Tomato tip: Frozen tomatoes peel super easy as they defrost,
meaning you don't need gallons of boiling and ice water!

Freezing, though, tends to toughen the skins, and I wondered if that would be a problem for the texture of the sauce. I really didn't feel like spending all day with my manual juicer though, so I decided to experiment. 

Result? No problem! All that was left was to season, heat and can it!

Liquefied thawed tomatoes.

For the sauce seasoning, I tried another experiment. I simply added chopped onion and fresh herbs to the last batch of tomatoes going into the blender. 

Raw onion and fresh oregano and rosemary.
I also added salt, 1/2 teaspoon to each pint jar.

Then it's heating the sauce to a boil and water bath canning as usual.

What's really noteworthy, is how the blender sauce looks compared to the cooked down method. 

On the left is a jar of last year's pizza sauce, made by cooking it
down for several days. On the right is the fresh blender pizza sauce.

I had some left over that didn't quite fill the last jar, so that night we tried it on gnocchi and meatballs. No picture, but I can assure it it was delicious. The rest went onto Friday night's pizza. I did get a photo of that!

I love that our homemade pizzas have at least some homegrown
ingredients. On this one, it's the sauce, mozzarella, and the pepper.

This method is definitely a keeper! Faster, easier, and so much tastier. The only thing I will do differently in the future, is to make sure the little stems are removed from the cherry tomatoes before I pop them into the freezer. Slicing tomatoes should be cored before freezing. Those two things will make sauce making even faster. 

I also wanted to mention the bonus by-product, i.e. the drained water from the frozen tomatoes. It's not juice, but it's quite tomato-ey in flavor, so I don't waste it. Part of it went as liquid for canning black turtle beans.
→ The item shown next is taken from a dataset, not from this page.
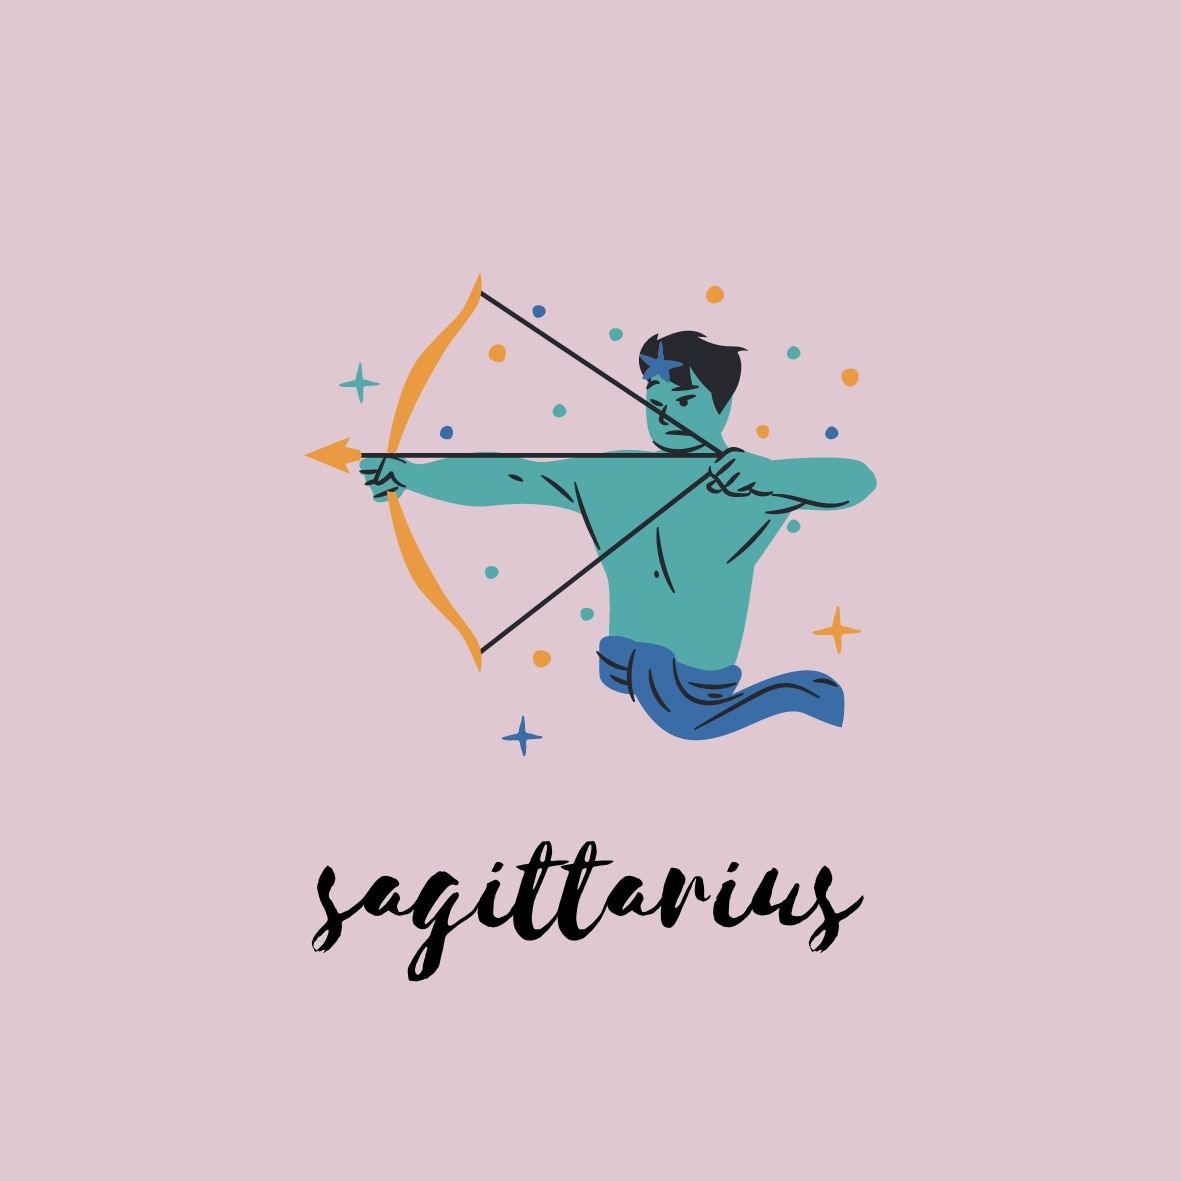 November Horoscope: Sagittarius

The rest I canned on it's own and labeled it "tomato broth."

Canned tomato broth

I use it for soup or to make tomato gravy or Spanish rice. 

What's everyone else doing with their tomatoes? 


daisy g said...

Oh, how I do miss my homemade gravy. (That's what I call tomato sauce.) It started causing reflux, so I had to remove it from my diet. I may introduce tomatoes again at some point, but for now, I will just have to envy your sauce. So glad you found an easier way. The high speed blender we have is a fantastic way to make instant soups too. I use it for hummus, dips, pesto, even ice cream making. It's a worthwhile investment.

Do you make homemade gnocci? Oh my gosh, that was always my favorite thing my sweet momma made. I requested it for my birthday supper every year. The storebought version just doesn't even come close.

Enjoy your weekend. No doubt you'll have saved so much time making your sauce that you'll come up with another project! ;0D

Leigh said...

Daisy, I'm so sorry to hear about your reflux problem. That's annoying. I'm not real keen on heavy tomato sauce on anything, myself. Seems like heirloom and open pollinated tomatoes are more acidic than commercial grocery store types.

Great ideas for the power blender! I'd especially like to try hummus. It makes such a great spread or dip. I'd like to try it for salad dressing too, for when I don't have fresh ricotta to make my ricotta ranch dressing.

Yes, fresh gnocchi is fantastic, and easy to make. At least with ricotta it is, I've never tried the potato version. It freezes well too.

Toirdhealbheach Beucail said...

That is a great experiment Leigh, although I guess I am not totally surprised the food processor was able to knock it all down. And pizza sauce to my mind is equally usable as pasta sauce and vice versa.

I had never heard/thought of putting tomatoes in the freezer, but that sounds like a great idea.

The pizza look delicious. Then again, I am always up for pizza.

Jillee said...

What a novel idea for your new sauce recipe. I had always heard never put tomatoes in the frig due to it diminishing the flavor. Sounds like you had no issue with cold storage doing that. My husband and I recently got an electric grain mill, to make all our flour products with freshly milled, 100% whole grain. What a blessing this has been, and many thanks to Bread Beckers, and Grains and Grit YouTuber for the wonderful information and lessons. Of course, one of the first things we tried was pizza. We have always used a store bought sauce (cannot have a garden in our HOA-run community, and store bought tomatoes here in FL are tasteless). This time, for the sauce, all we used was a can of uncooked-by-us, whole peeled San Marzano tomatoes, crushed by hand directly on the pizza dough, with some dried seasonings sprinkled on top. We used store bought fresh mozzarella, and pepperoni. The pizza was out of this world. Even though the sauce was from canned tomatoes, it was so wonderfully bright and fresh tasting. The crust, needless to say, was delicious. We used hard white wheat.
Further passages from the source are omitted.